Graphene oxide/vinyl ester resin nanocomposite: the effect of graphene oxide, curing kinetics, modeling, mechanical properties and thermal stability

Abstract

Graphene oxide (GO) was synthesized and nanocomposites were prepared using different contents of the GO and vinyl ester resin (VE). The suspension was sonicated in order to prevent agglomeration. The non-isothermal differential scanning calorimetry (DSC) technique was used to study the cure kinetics of neat VE and 0.3 wt% GO/VE nanocomposite. Kissinger and Ozawa equations were used to determine the activation energy (E_a). The E_a values of the cured GO/VE nanocomposite showed a decrease with respect to the neat VE. It is concluded that GO has a catalytic effect in the cure reaction. The dynamic curing process was modeled to predict the degree of curing and curing rate of resin. The modeling results showed a good agreement between the experimental data and model for different heating rates (5, 10, 15 and 20 °C min⁻¹). The glass transition temperature (T_g) was obtained from the maximum peak temperature of the loss factor curve. The T_g was increased by nearly 10 °C by the addition of 0.4 wt% GO to VE. Tensile mechanical tests were studied and the nanocomposite of 0.3 wt% GO/VE showed higher elongation and tensile strength.

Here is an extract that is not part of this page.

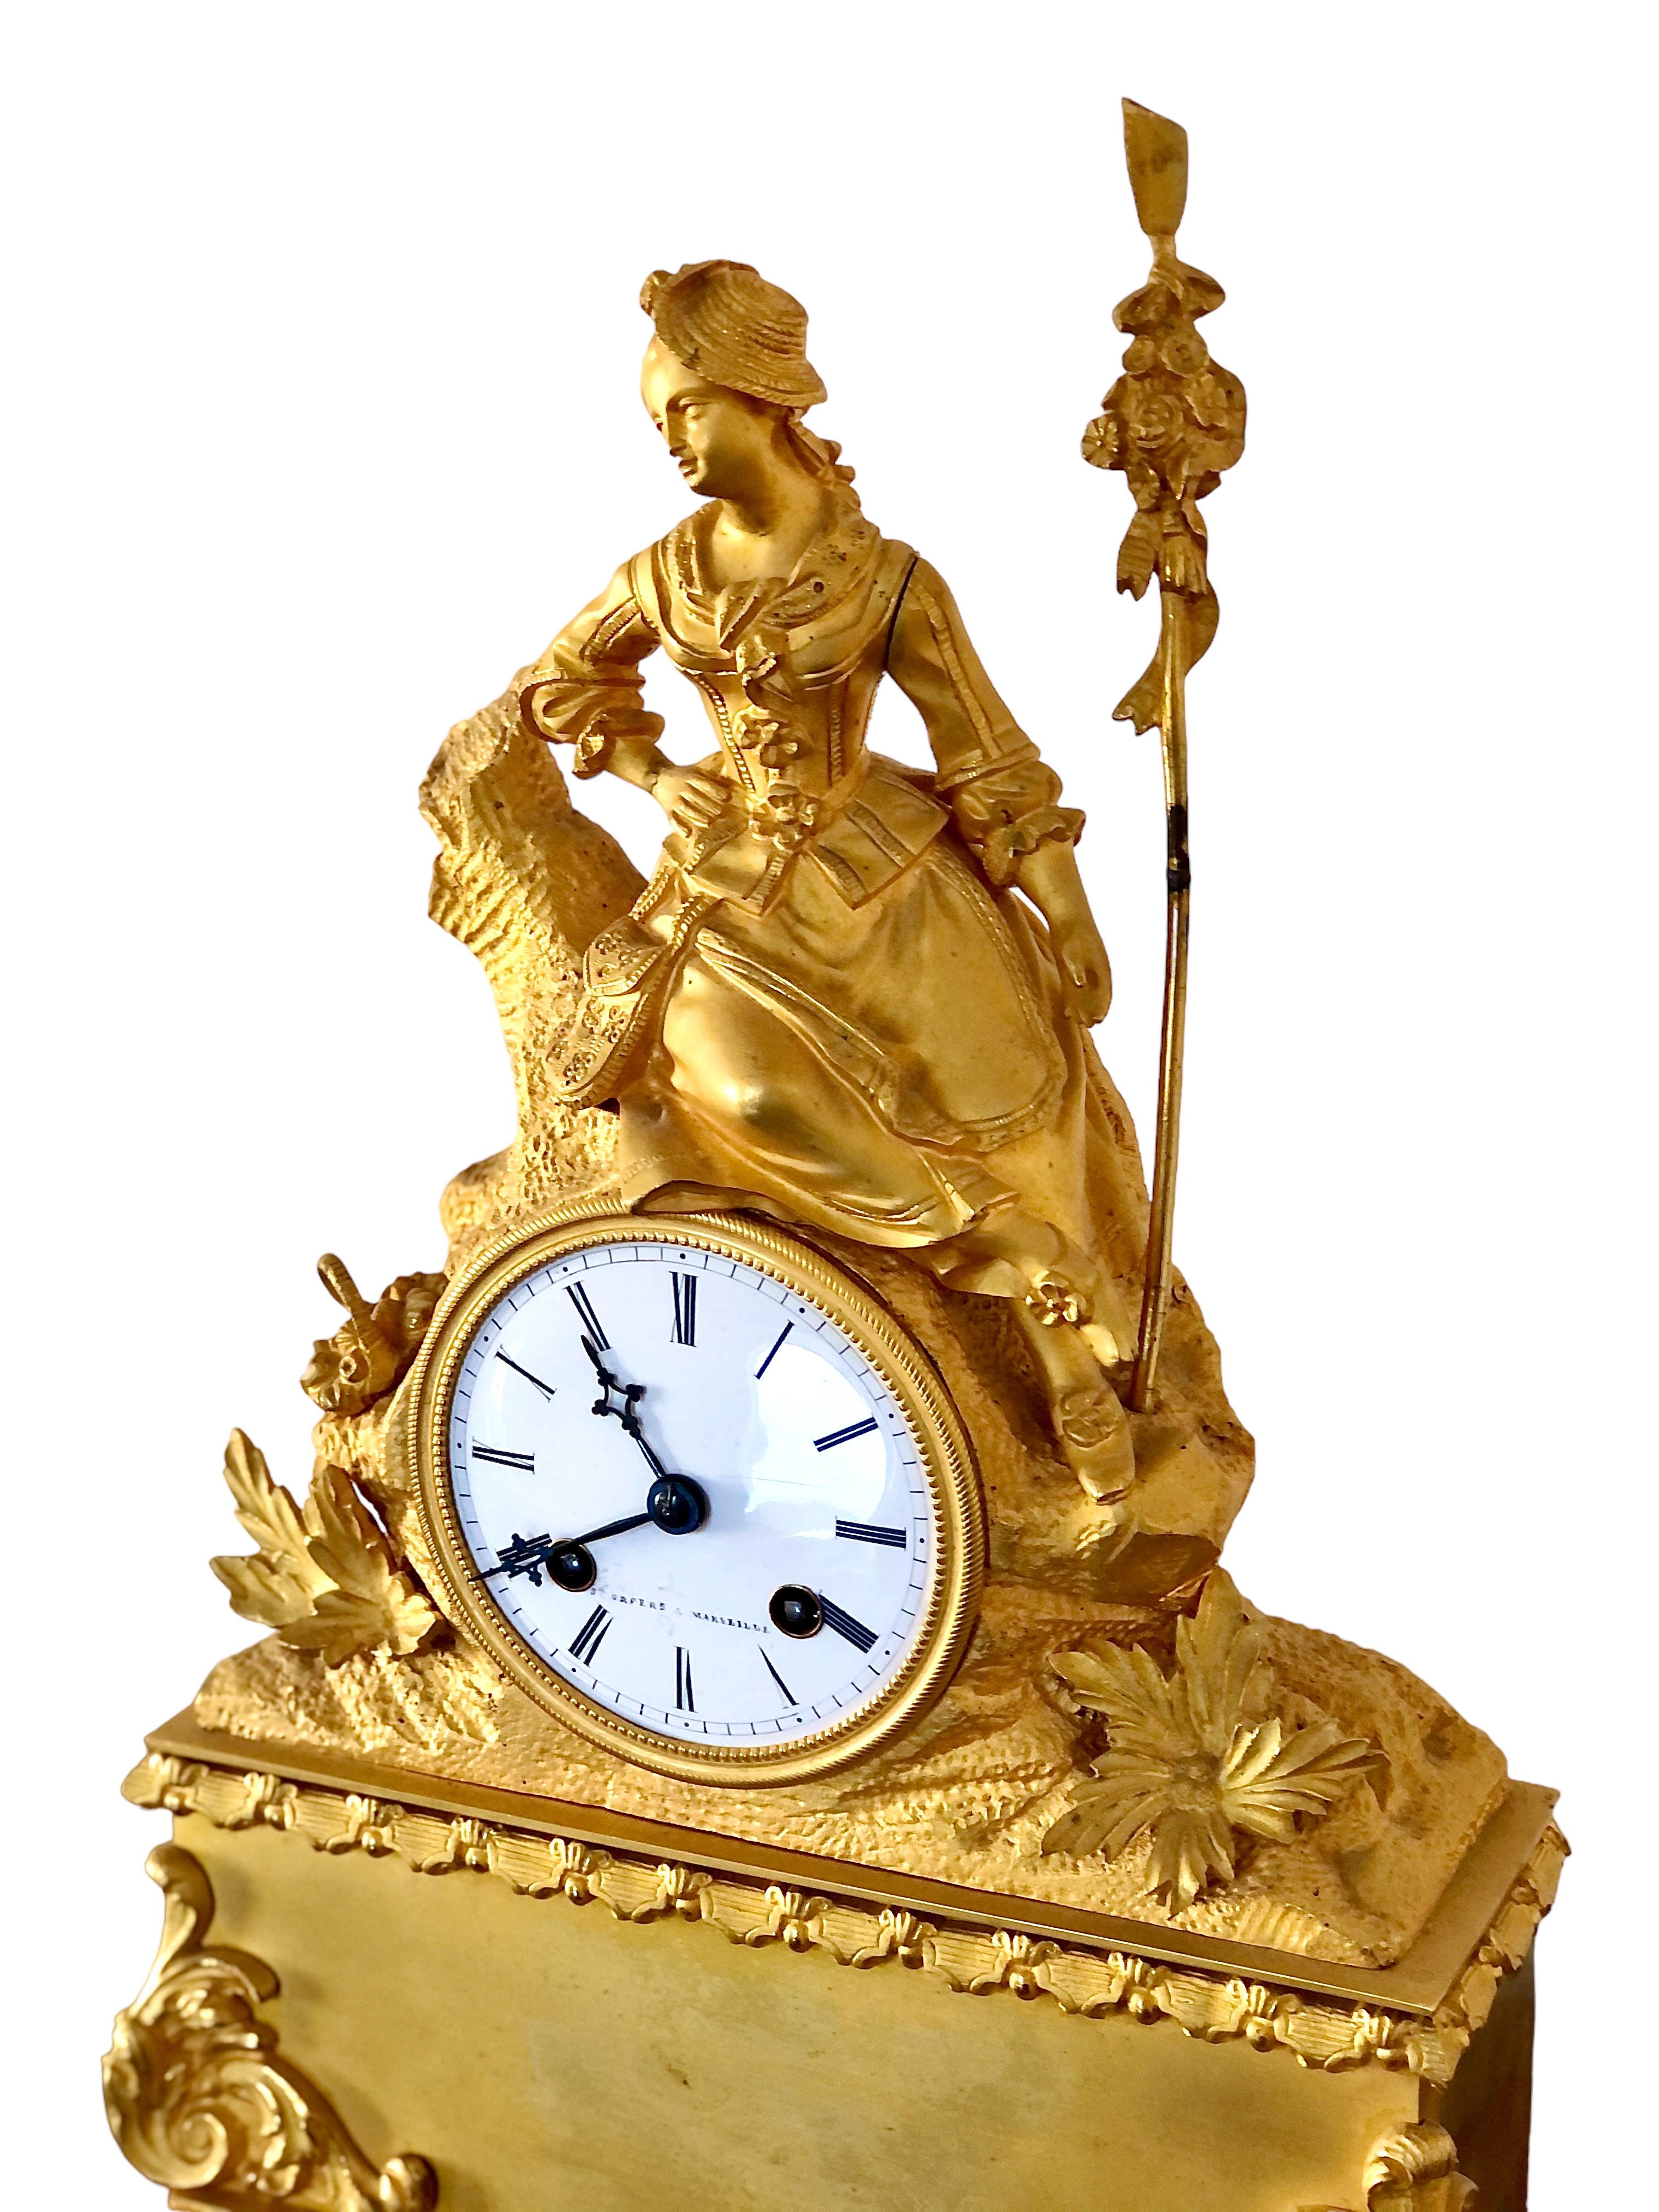 A superb quality 19th century French bronze gilt mantel clock, retaining its original glass dome, and adorned with a finely detailed rustic female figure in period dress, reclining on a tree stump surrounded by woodland leaves at its base. Caught in

This percent (0.3 wt% GO/VE) was selected for non-isothermal differential scanning calorimetry (DSC) to study the cure kinetics. Scanning electron microscopy (SEM) was studied to discern the surface features and dispersion of GO. The thermal stability of the cured VE and its nanocomposite was investigated with thermogravimetric analysis (TGA). The char yields increased with the addition of 0.3, 1.5, and 3 wt% of GO to the vinyl ester resin. The addition of GO improved the polymer flame retardancy and thermal resistance.